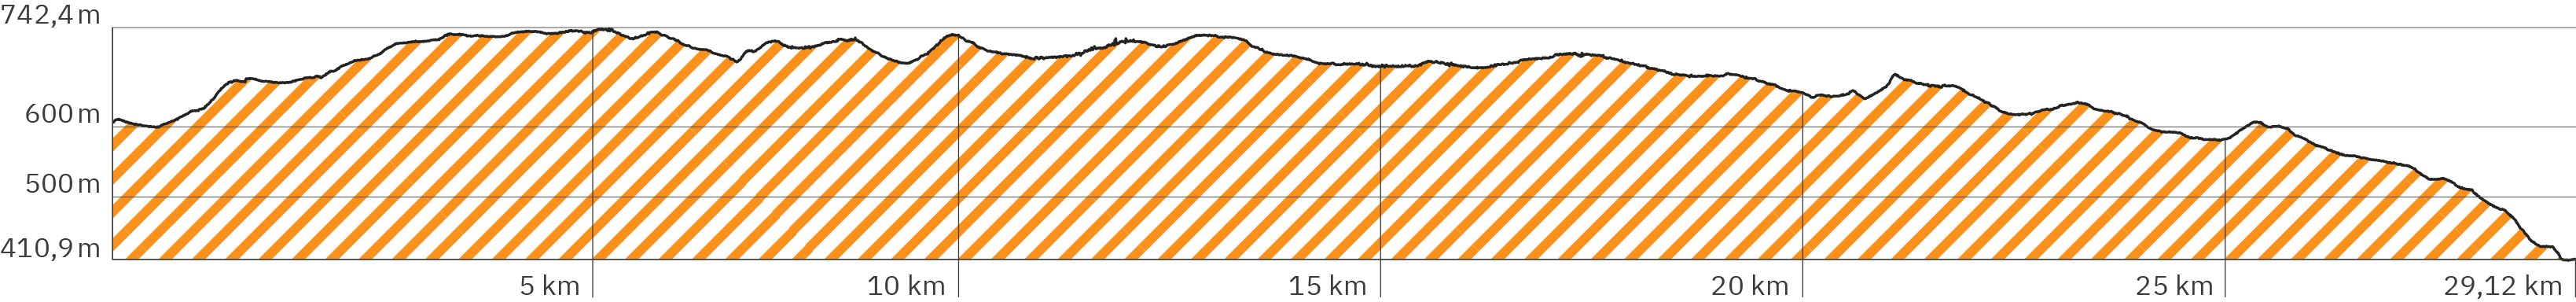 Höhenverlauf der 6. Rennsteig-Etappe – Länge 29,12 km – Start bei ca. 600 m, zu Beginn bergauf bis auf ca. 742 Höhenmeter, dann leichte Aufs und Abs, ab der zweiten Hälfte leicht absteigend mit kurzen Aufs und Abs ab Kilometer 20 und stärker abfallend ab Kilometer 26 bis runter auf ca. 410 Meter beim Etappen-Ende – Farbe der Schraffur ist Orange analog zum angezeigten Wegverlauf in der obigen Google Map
================================
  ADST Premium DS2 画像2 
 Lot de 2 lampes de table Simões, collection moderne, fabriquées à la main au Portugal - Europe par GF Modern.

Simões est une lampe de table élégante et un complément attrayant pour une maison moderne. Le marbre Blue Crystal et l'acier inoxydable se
================================
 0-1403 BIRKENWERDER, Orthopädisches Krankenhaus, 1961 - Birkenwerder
================================
From the entries above, extract only the lines running from the one containing "ADST Premium DS2 画像2" through the one containing "Simões est une", inclusive.

#### [ANSWER TO THIS EXERCISE]
  ADST Premium DS2 画像2 
 Lot de 2 lampes de table Simões, collection moderne, fabriquées à la main au Portugal - Europe par GF Modern.

Simões est une lampe de table élégante et un complément attrayant pour une maison moderne. Le marbre Blue Crystal et l'acier inoxydable se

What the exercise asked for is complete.